Tobold's Blog
Monday, May 30, 2016
 
The curse of continuity

Some people claim that World of Warcraft ruined the MMORPG industry. My take on that is that the fundamental problem is that nobody, not even Blizzard, understood what made World of Warcraft so successful. And that led to hundreds of millions of dollars wasted by several companies trying to make another successful game by simply doing everything the same as World of Warcraft. Monumental failure in both concept and result.

I watched the new Top Gear last night and realized that they have the same problem: They have no idea what made the old Top Gear so successful, and so they decided to do everything the same as before: The same running jokes now told by different people, the new moderators adding new lap record times on the board that still has the old times in Clarkson's handwriting on them, the same scripted stunt contests that would have been funny with Hammond and May, but just looked lame as a contest between the new moderators that lacked the chemistry. The whole show looked as if a bunch of new guys had gotten hold of the scripts while the old moderators had stepped out for a coffee.

While the chemistry is impossible to reproduce, for me it is clear that the old Top Gear worked because Clarkson, Hammond and May were true to themselves. They didn't play a role that was foreign to their nature. The new moderators don't allow their personalities to show that much, they emulate rather than create. And the result is disastrous. Everybody hated it.

And it isn't as they were all that pressed for time. They had months to come up with a new concept, throw out all the old decorations and jokes, redesign the track to make it new and different, and come up with new elements of the show that focus on the personalities of the new moderators. Trying to make the "Clarkson, Hammond and May Show without Clarkson, Hammond and May" simply doesn't work. Continuity is not a recipe for success, it is a curse.

Comments:
To be fair, Blizzard wasted hundreds of millions of dollars trying to make a successful game by doing everything different. And that was a monumental failure too!
 
The old Top Gear was execrable. A copy of it could at best be execrable too.

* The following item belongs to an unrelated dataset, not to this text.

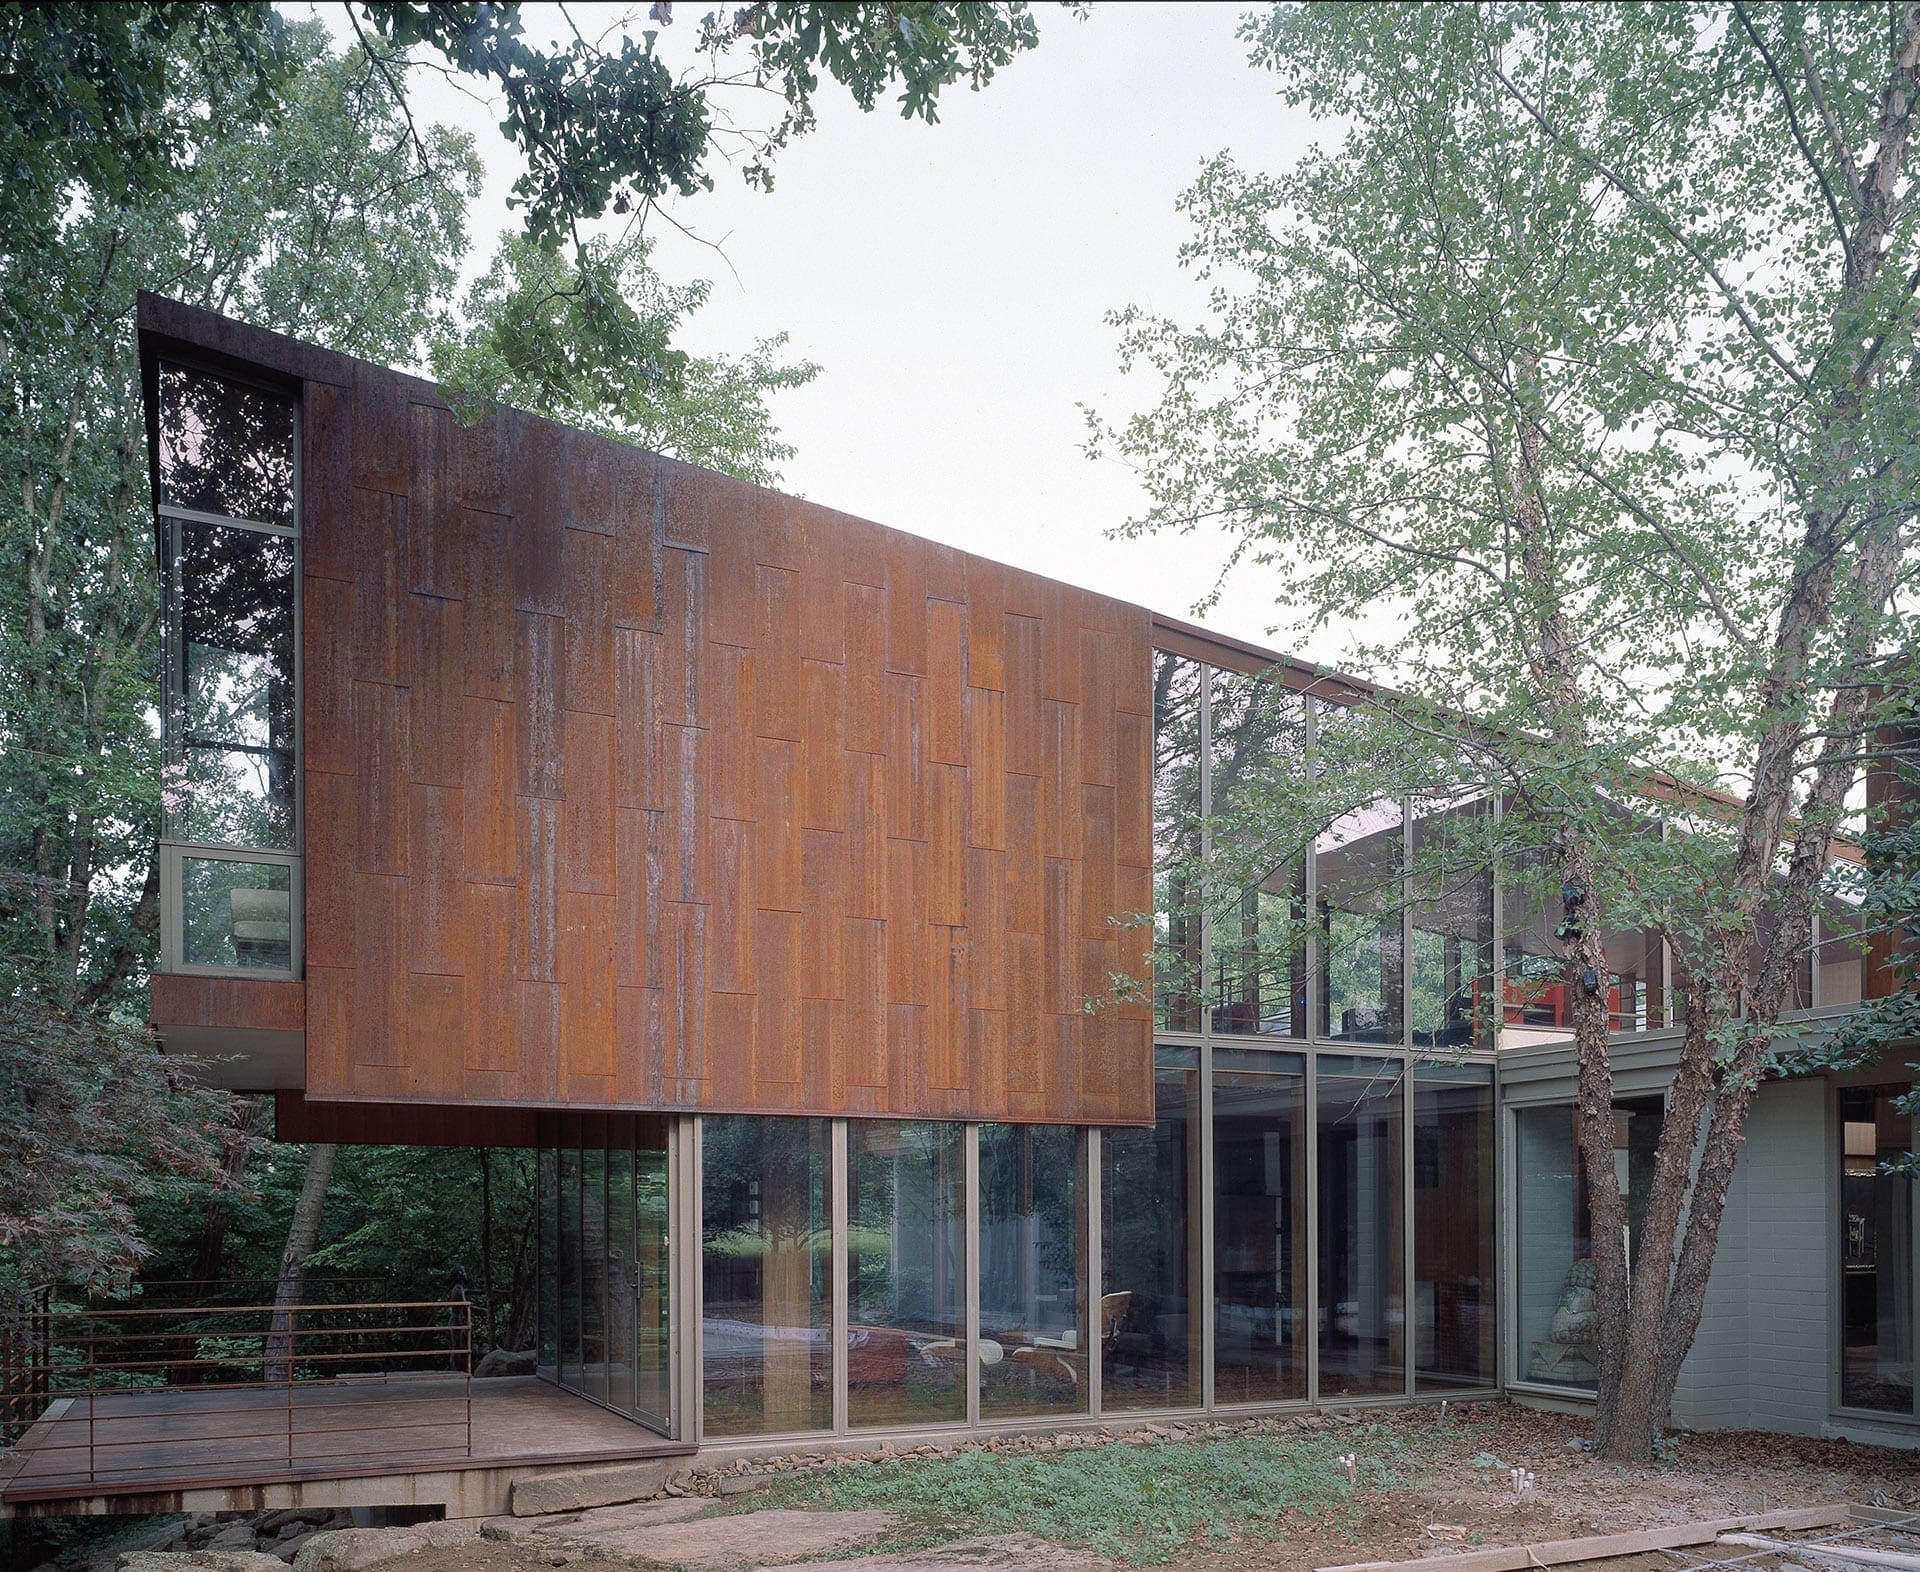 Arkansas House designed by Marlon Blackwell.
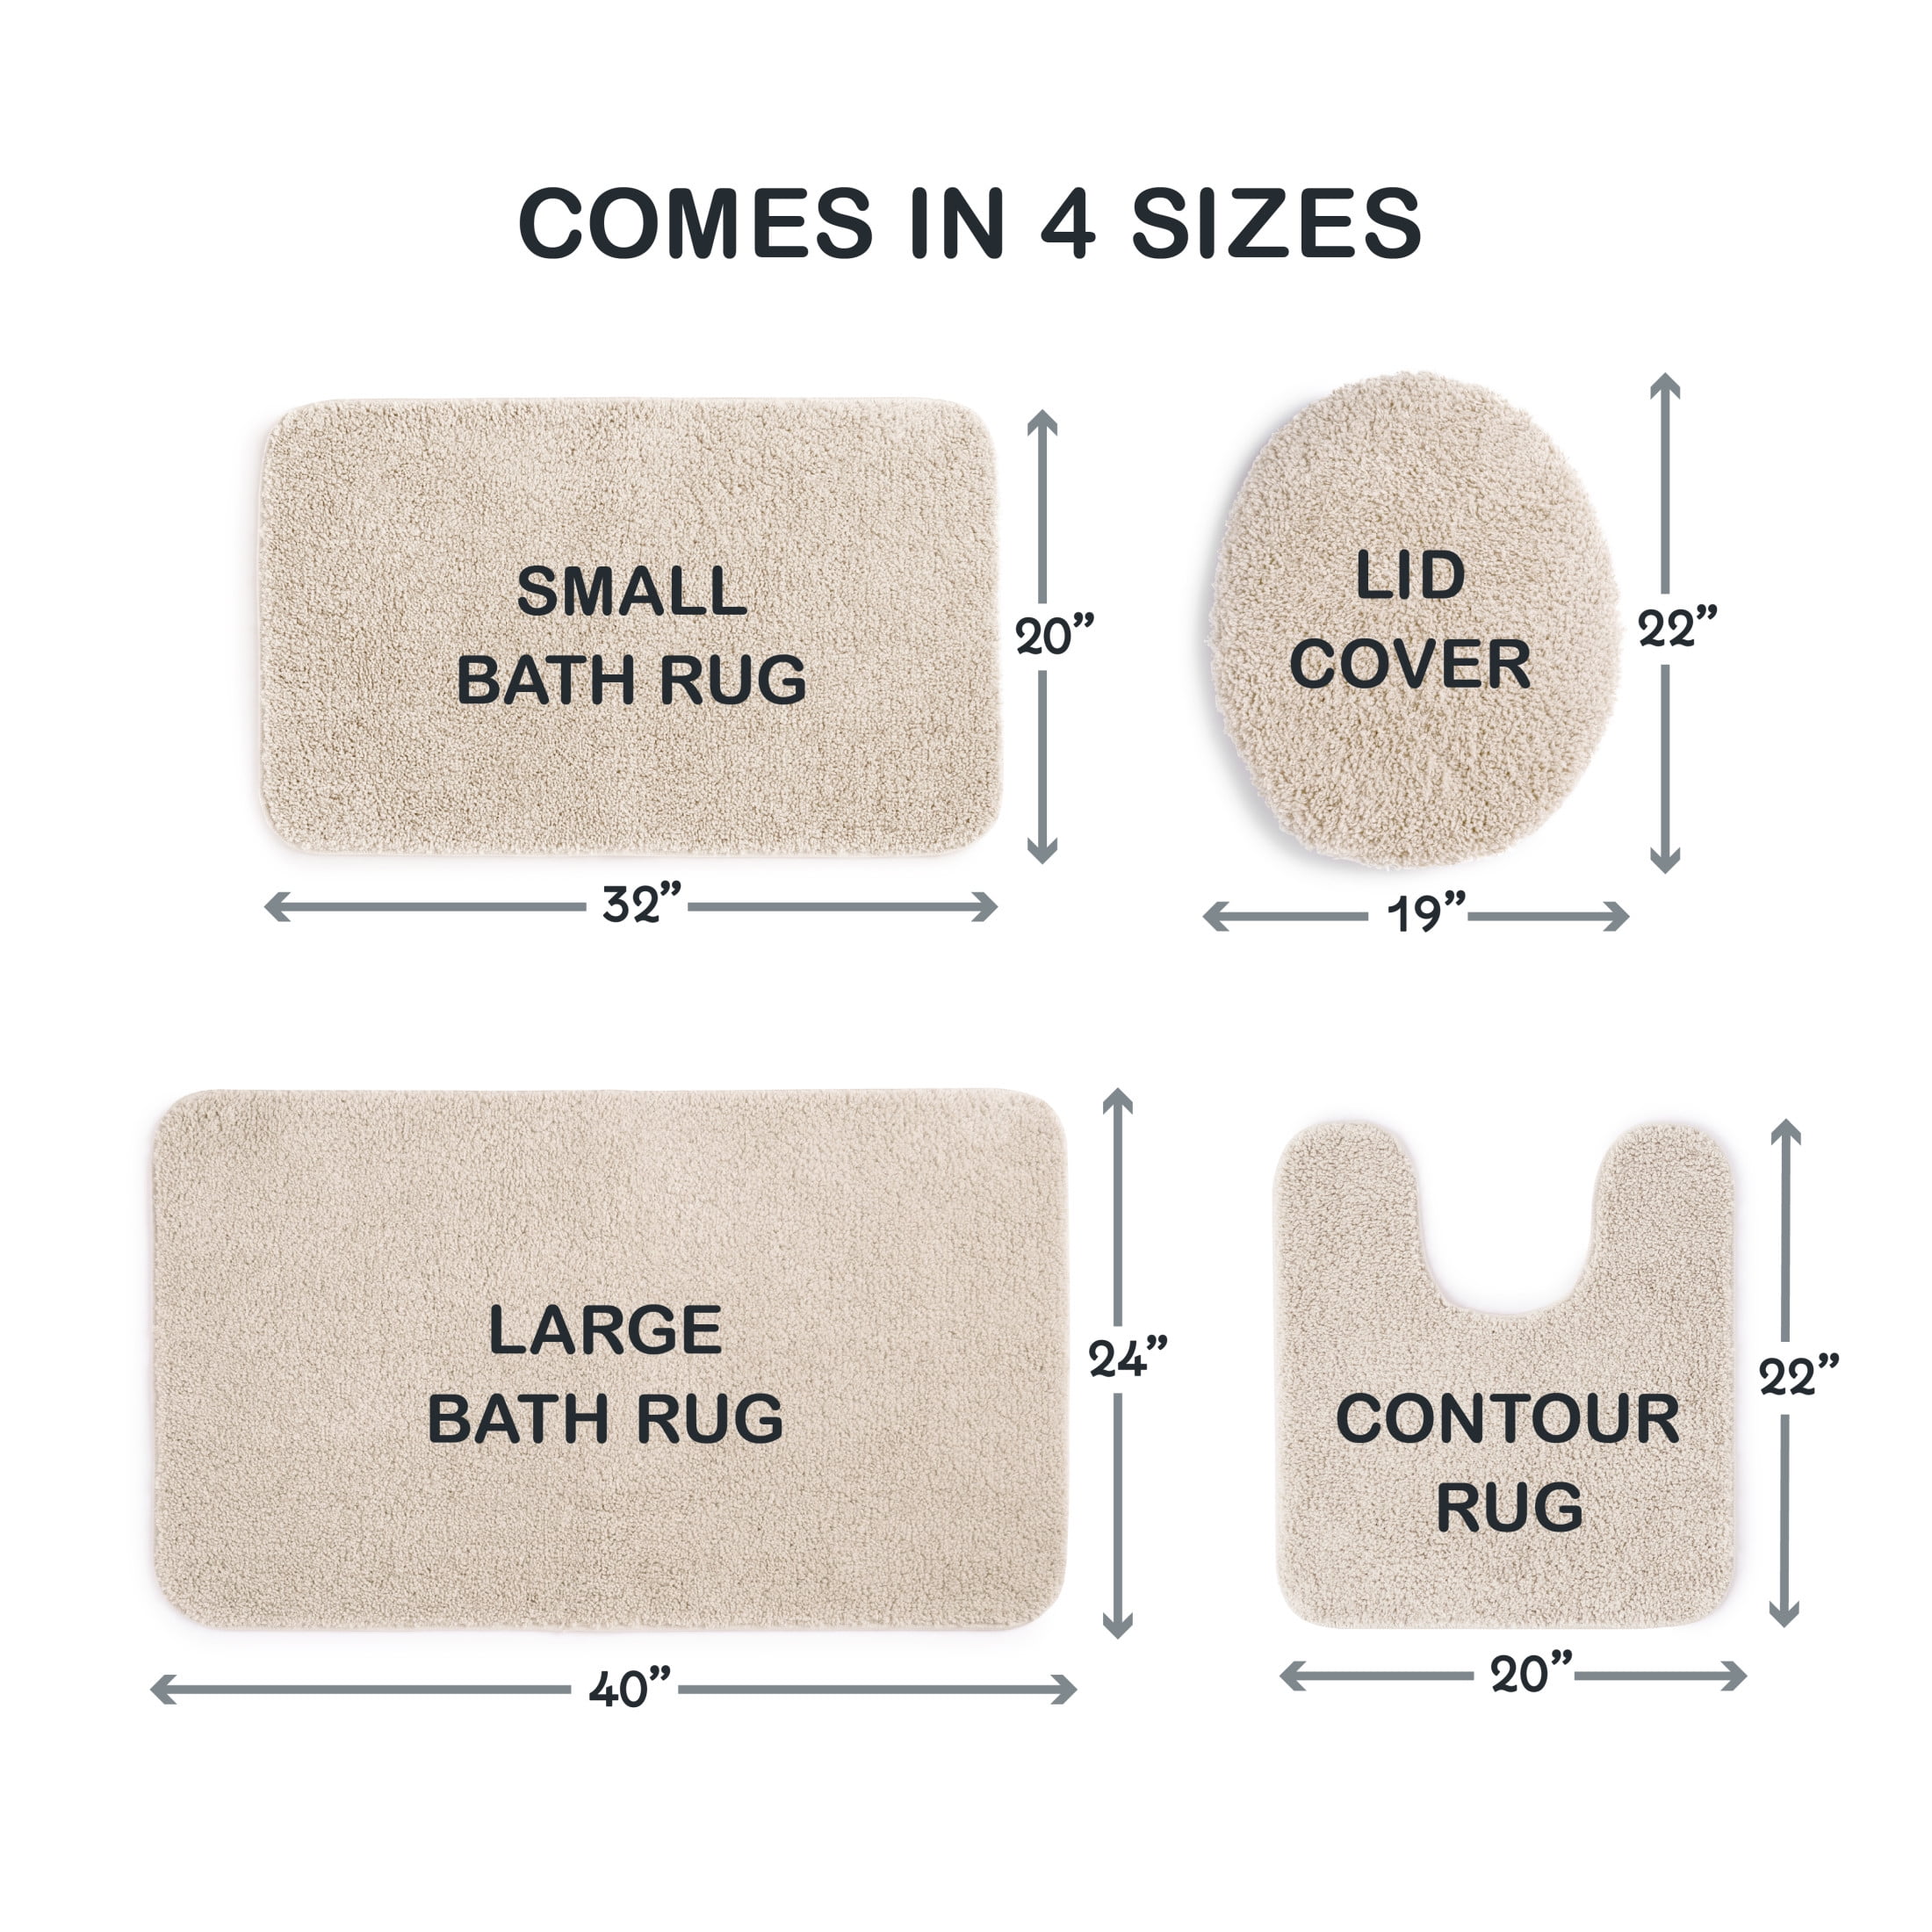 Mainstays Basic 3 Piece Polyester Bath Rug Set, 20 inch x 32 inch Rug, Contour, Lid - Light School Grey, Size: 3 Piece (20 inchx32 inch, Contour, Lid)

On the other hand, many of the WoW clones were great fun and lots of them are still running so I don't see how that was money wasted.
 
Beauty is in the eye of the beholder, and your eyes are known to be different. I was talking measurable, objective criteria of success, aka making money. The old Top Gear was the top grossing TV show of the BBC. Few of the WoW clones reached even 10% of the peak subscribers of the original, which cannot have been the business plan.
 
Everyone I've talked to in the past about Top Gear (British or otherwise) wanted Clarkson to walk off a bridge. He was an isufferable wanker.

You just now view the show like we did in the past; as a mediocre show carried along by its fandom.
 
You do know that Top Gear has more viewers worldwide (350 million) than Game of Thrones? Would you say that Game of Thrones is a mediocre show carried along by its fandom? Isn't *every* show carried by its fandom, only that some shows have millions of fans, and others have far less?
 
Yeah, I've always wanted Clarkson to fall off a bridge, too. Preferably, right after he finishes yelling at someone for no viable reason.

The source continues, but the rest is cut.